The Nightly Build...

Kumbaya or Fire and Brimstone

How fast things change. Just a few weeks ago, Hillary Clinton was making political capital by mocking Barack Obama for being a starry-eyed dreamer:

"Let’s just get everybody together. Let’s get unified. The sky will open. The lights will come down. Celestial choirs will be singing and everyone will know we should do the right thing and the world will be perfect."
Today, Barack Obama is being painted by others as some kind of racist black man who calls on God to rain down fire and brimstone on white America for sinning. He's being condemned for association with a firebrand preacher who has issued such calls from the pulpit of Obama's own church.

Obama is no more a racist than he is a starry-eyed dreamer. Both caricatures are attempts by his political opponents to undermine him and his call for a end to the politics of personal destruction that has corroded public discourse in this country, a call to turn the page, a call to change.

Make no mistake. Obama's association with the Rev. Jeremiah Wright is a problem that can do serious harm to Obama's campaign, even if guilt by association is unjustified. Many voters will hear only the sound bites, decide that Wright preaches racism and nothing else, and that Obama buys into everything Wright says, no matter that they cannot point to anything Obama himself has ever said or done that is racist. Just the fact that Obama didn't leave the church years ago is enough to condemn him in many people's minds.

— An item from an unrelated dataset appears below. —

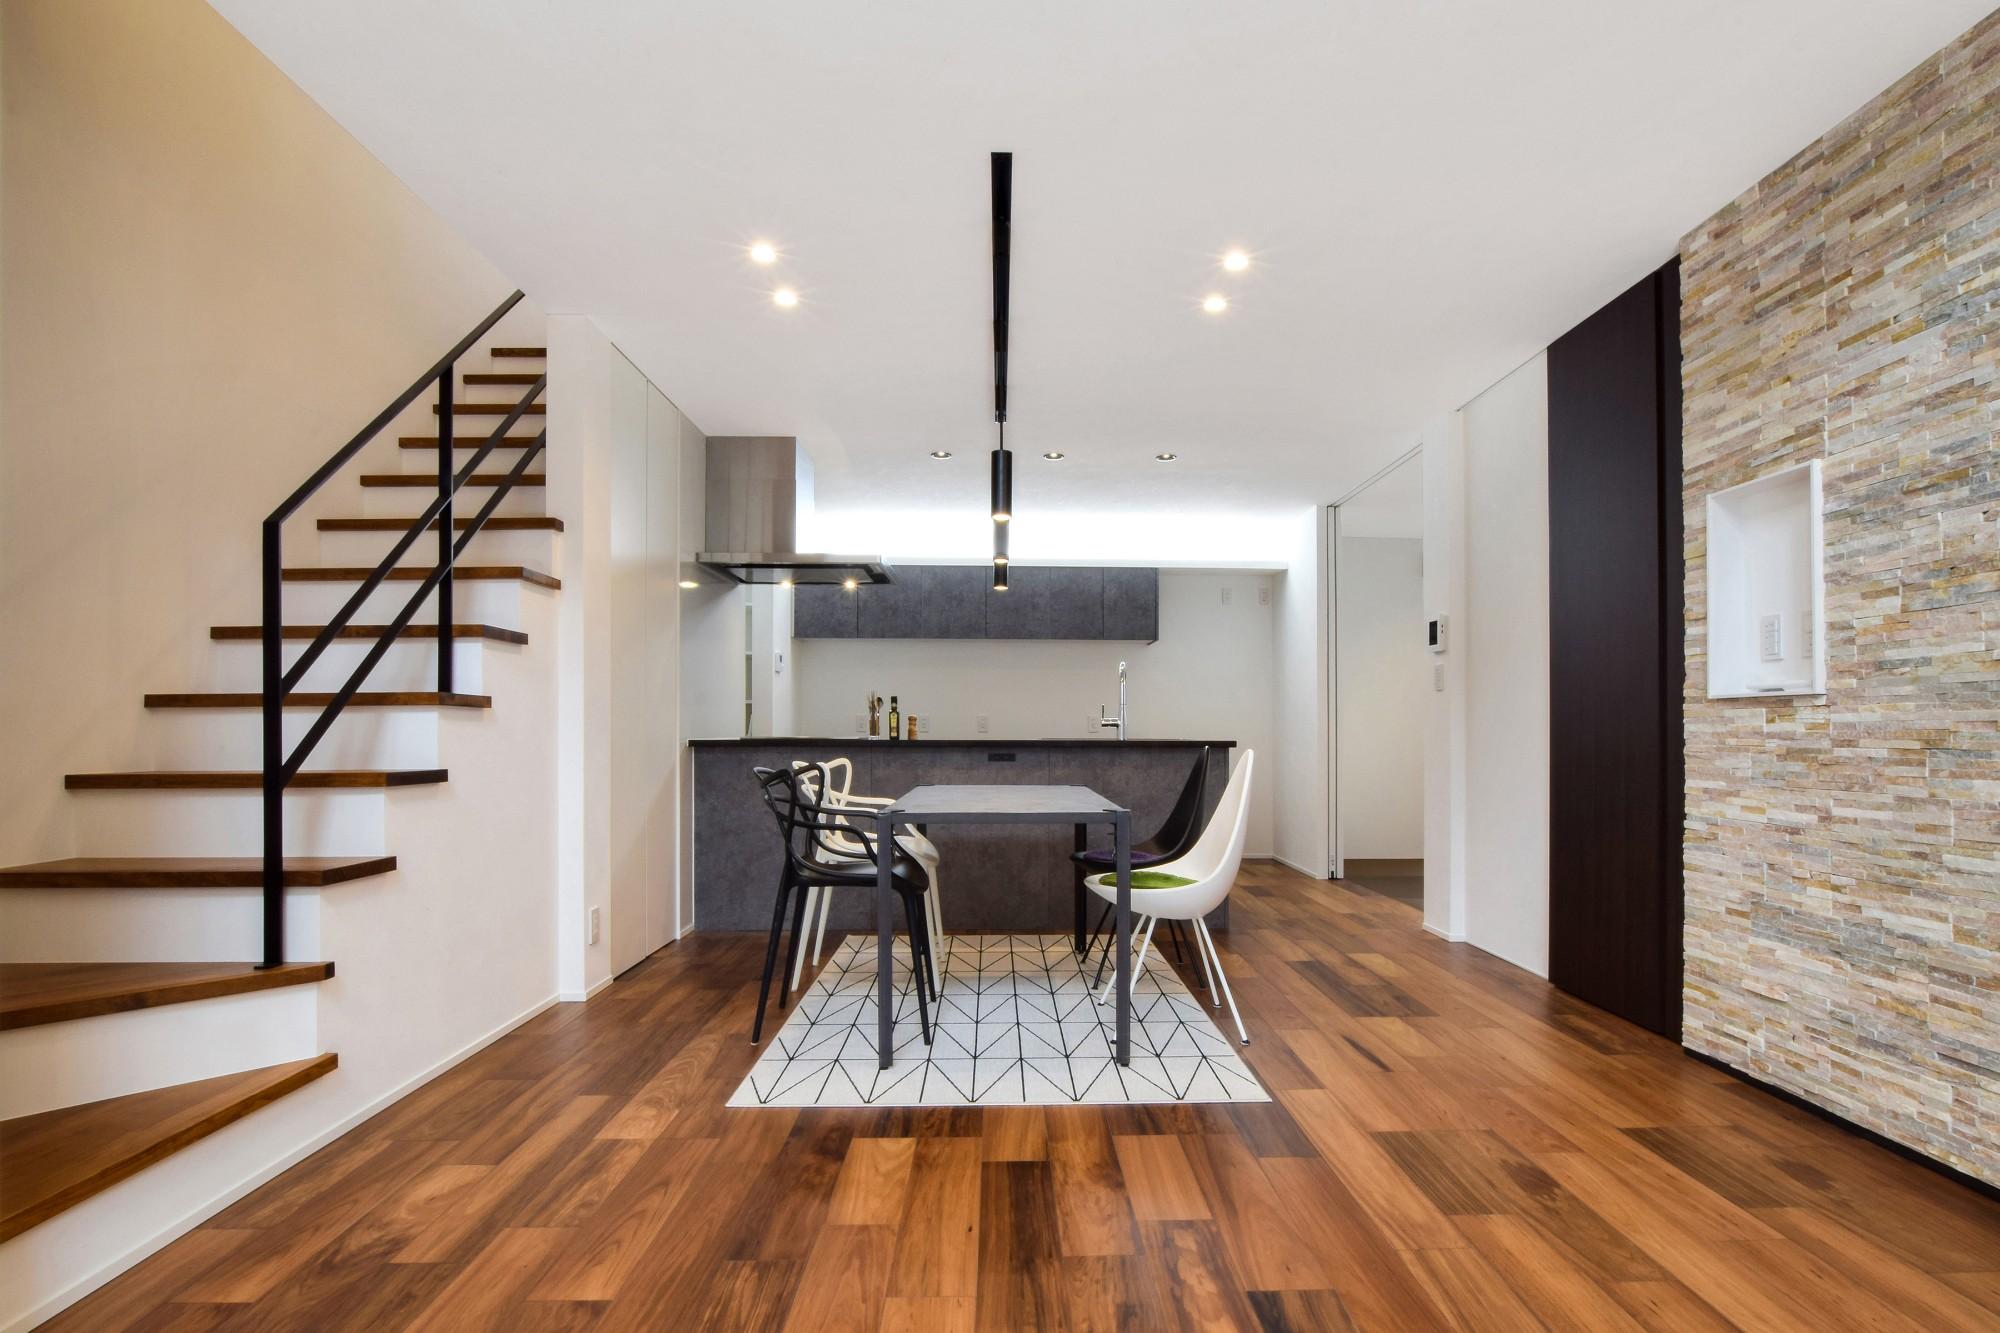 DETAIL HOME(ディテールホーム)「吹抜けのある全館空調の家」のシンプル・ナチュラルなリビング・ダイニングの実例写真

Instead, Obama denounces the expressions of anger and division by the Rev. Wright, without disowning the man who brought him to Jesus, the man who also preaches a message of hope and renewal for his black community. Obama filters the good from the bad to craft his own positive, uplifting message of change. A unifier can emerge from a church that sometimes harbors anger and frustration. This should not be surprising. One who has personally experienced the polarizing effects of race in America from both sides understands the kind of change America needs. Obama's own background (white, black, Hawaii, Kenya, Kansas, Indonesia, Harvard, south Chicago, Washington DC) positions him to rise above the crippling effects of racial divisions in America. If America turns its back on Obama for things his pastor said, the racial divide will only deepen. America would be the loser, not Obama.